* Brief
Restate the listing that follows word for word, without its pictures.

* Source data
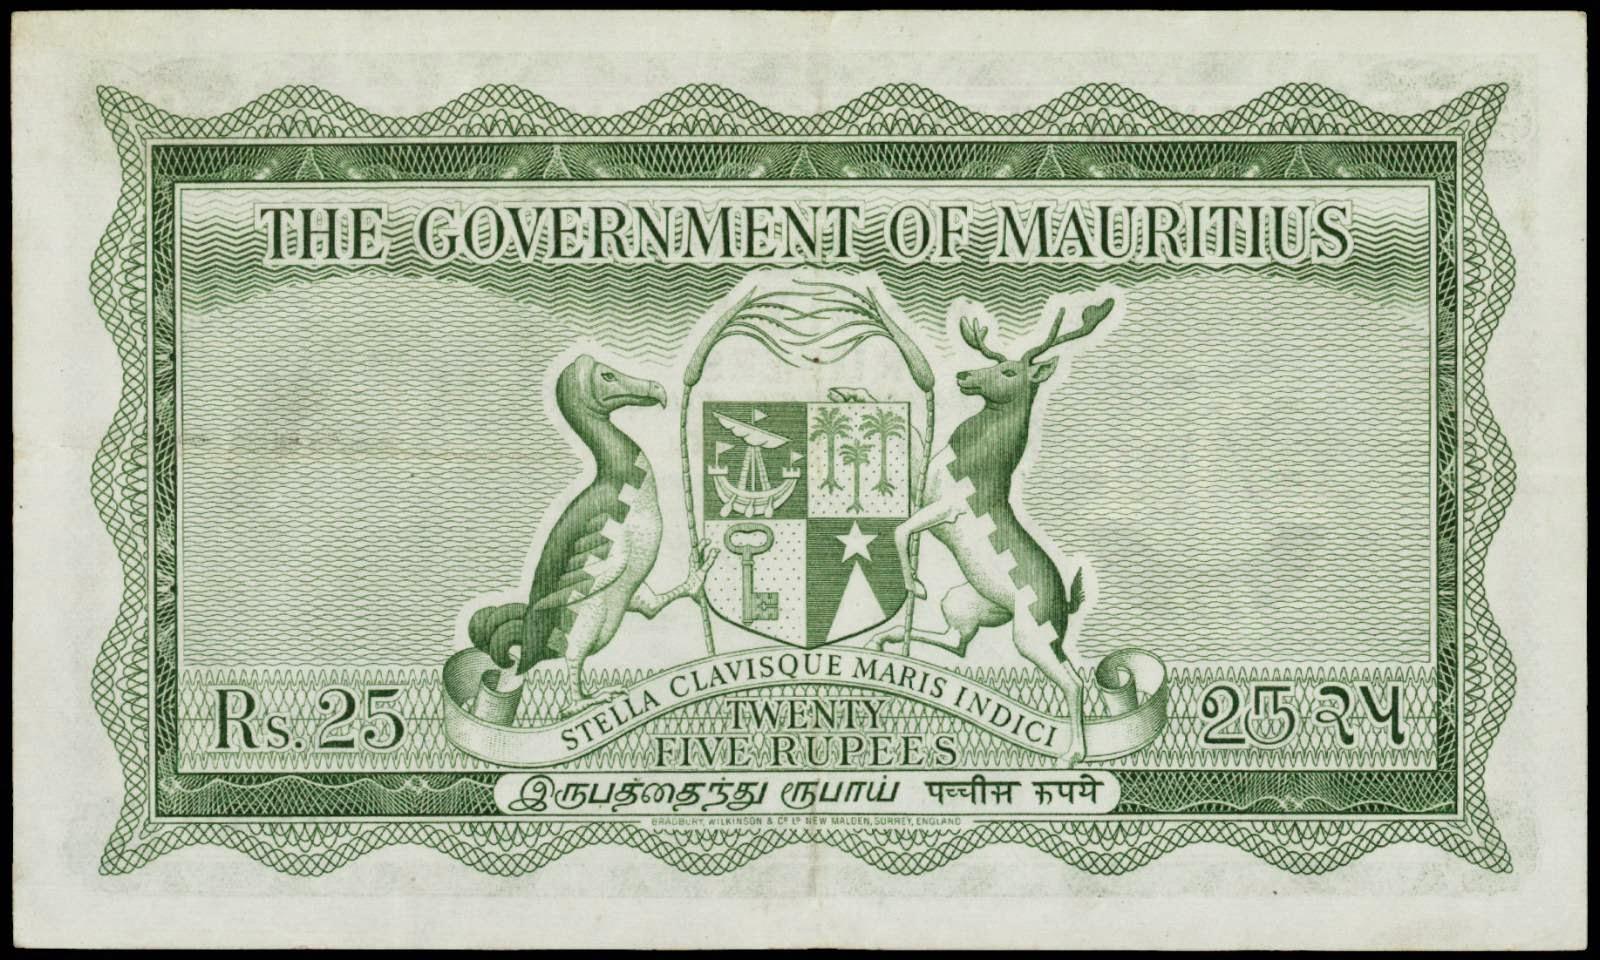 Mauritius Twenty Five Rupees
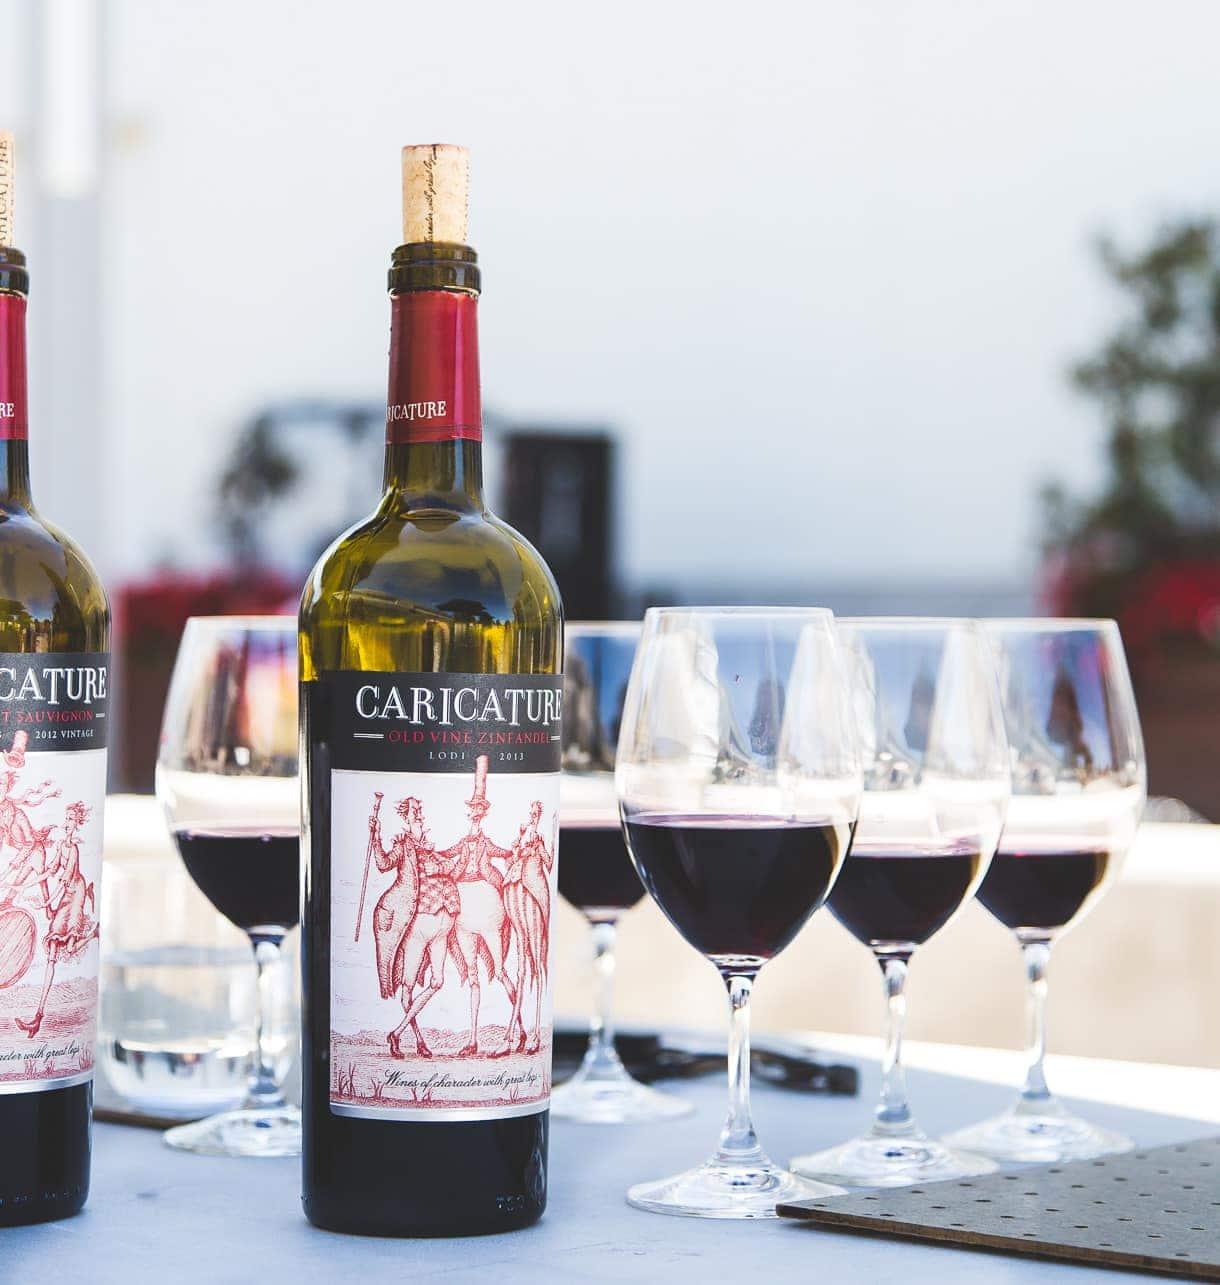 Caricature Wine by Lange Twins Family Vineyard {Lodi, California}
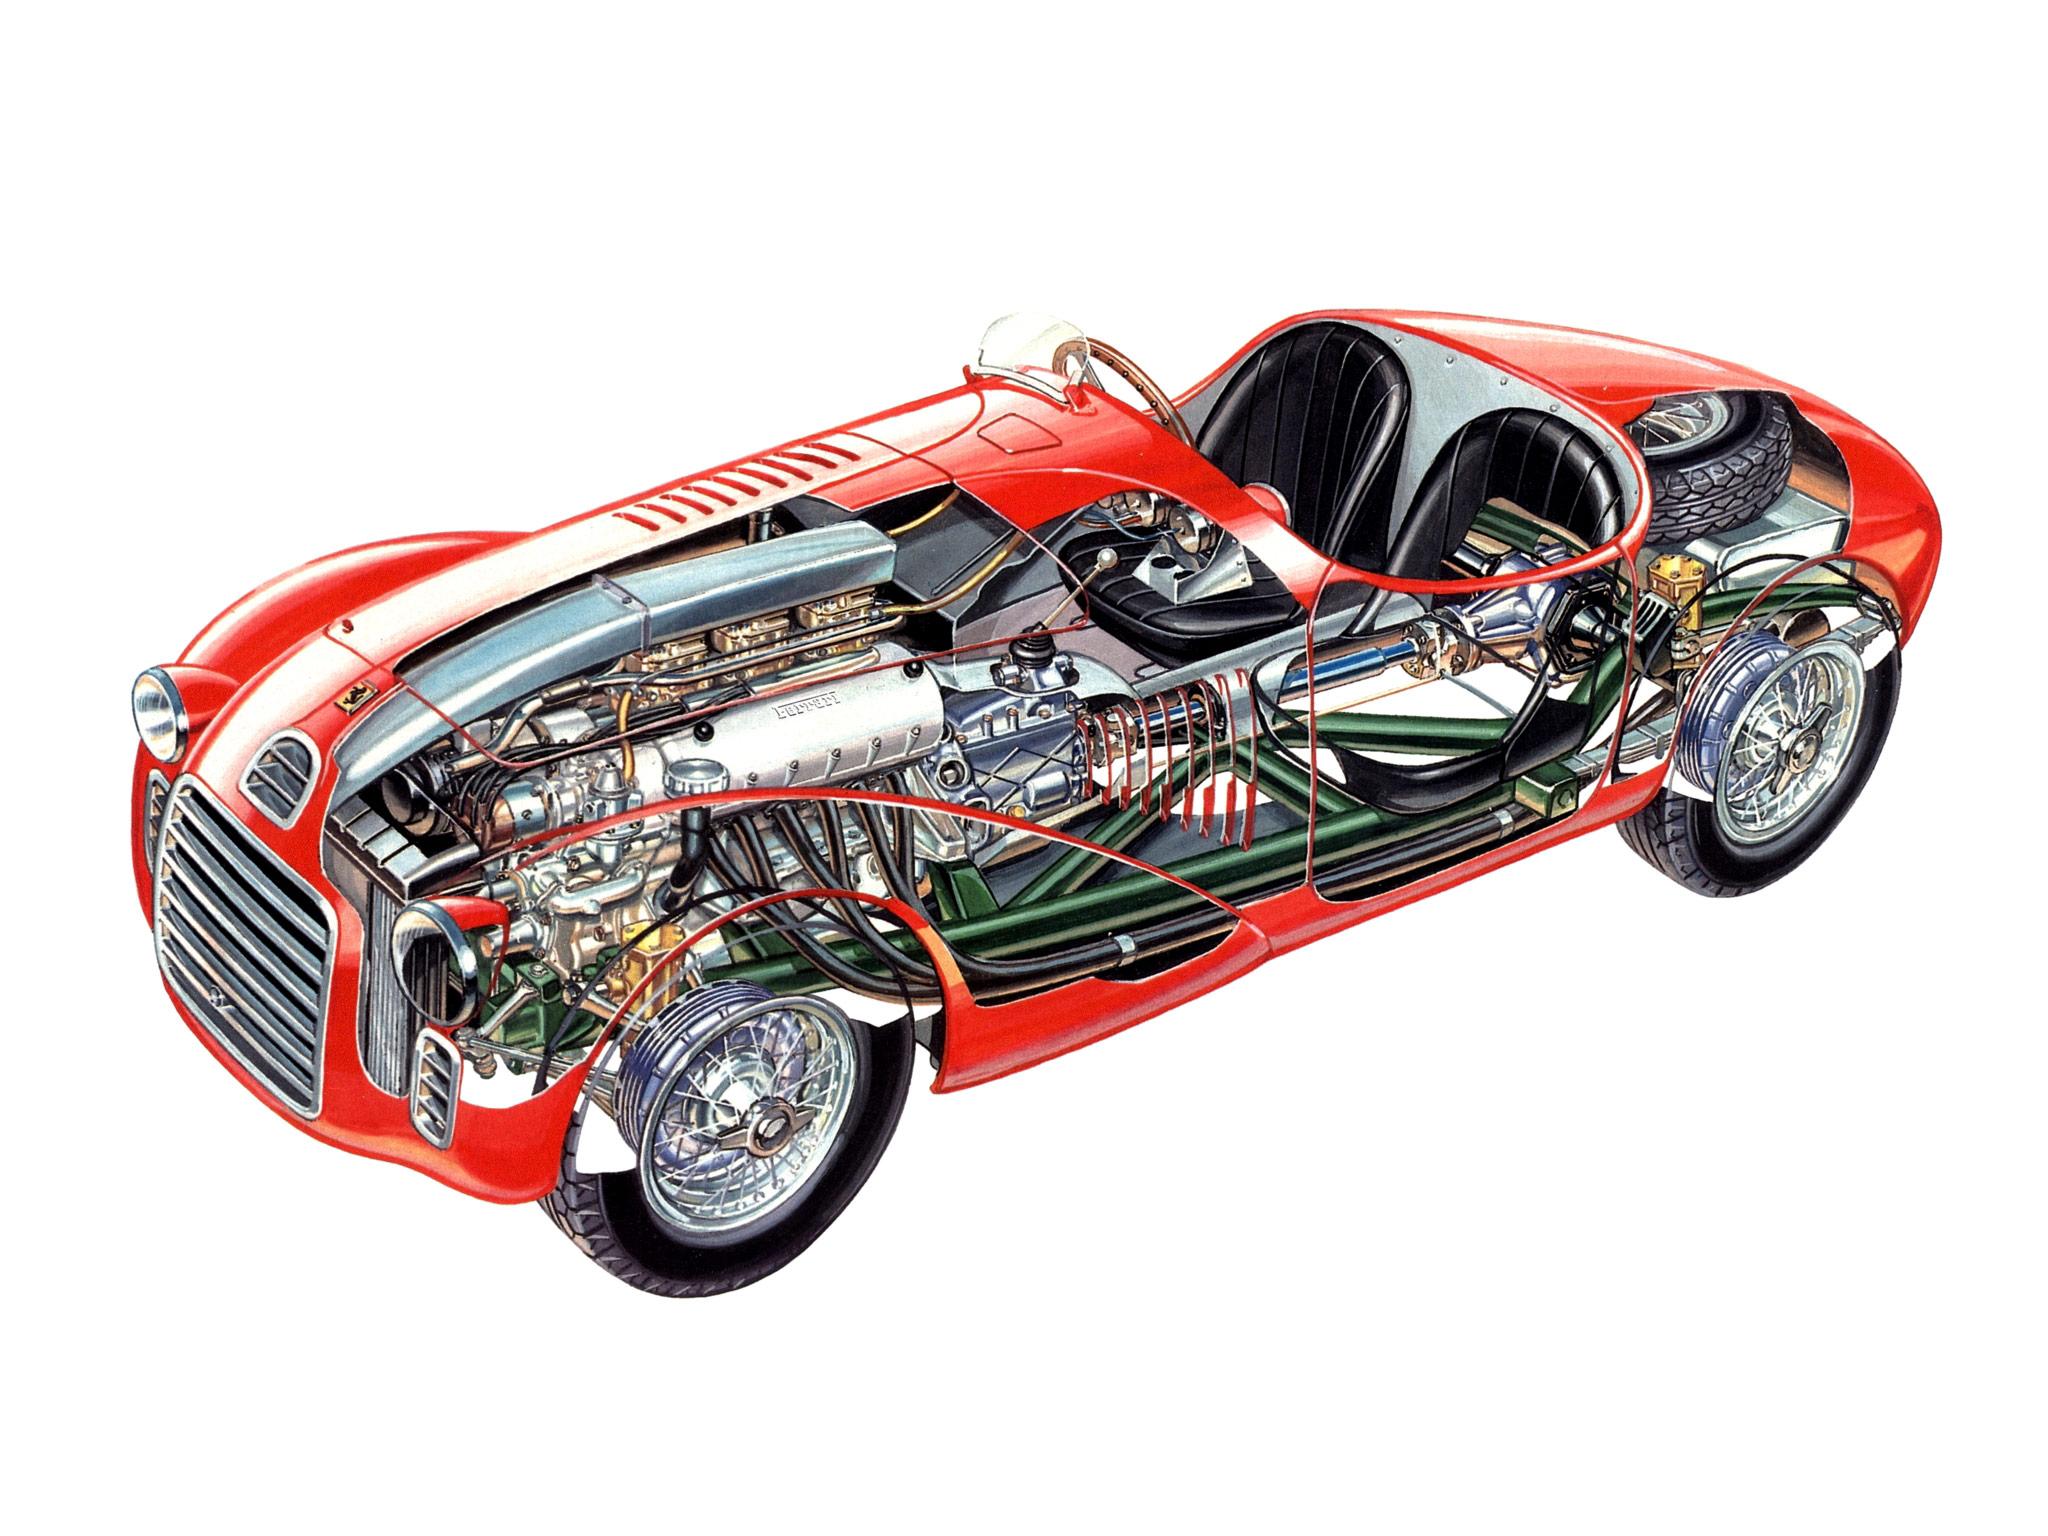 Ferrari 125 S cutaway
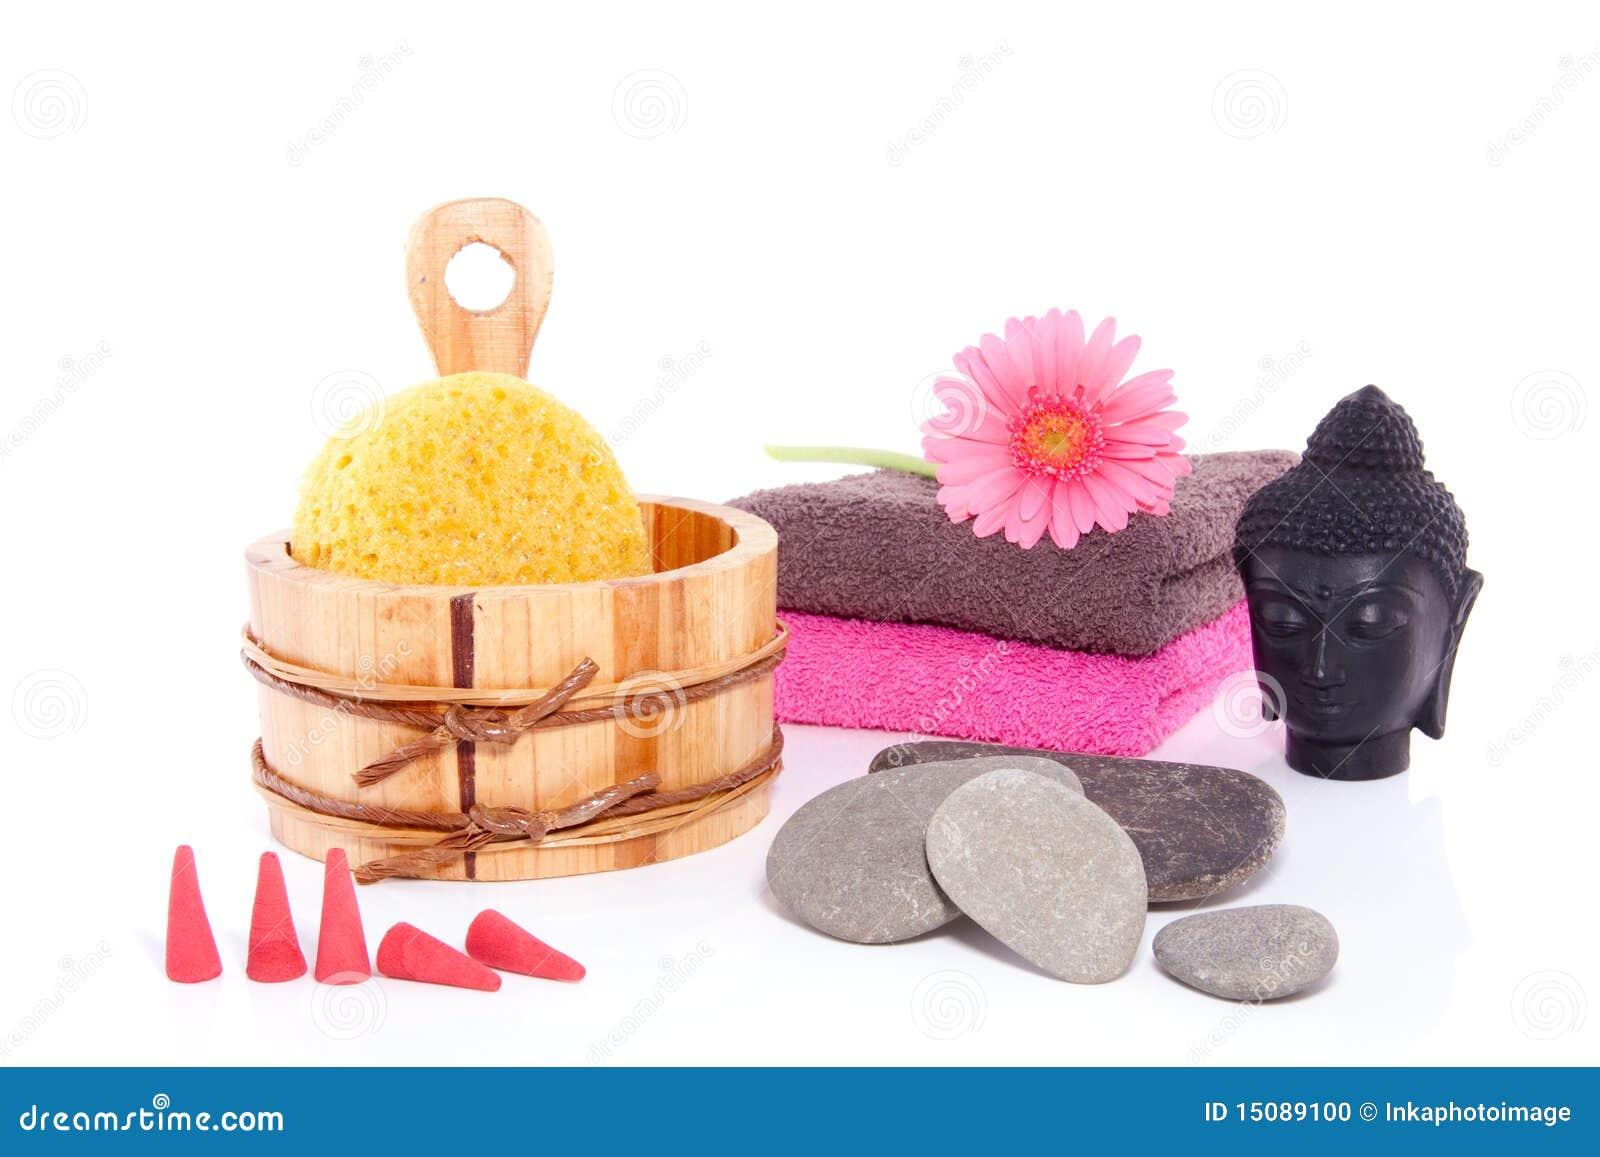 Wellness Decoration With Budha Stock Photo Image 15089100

* Task output
 Mauritius Twenty Five Rupees
 Caricature Wine by Lange Twins Family Vineyard {Lodi, California}
 Ferrari 125 S cutaway
 Wellness Decoration With Budha Stock Photo Image 15089100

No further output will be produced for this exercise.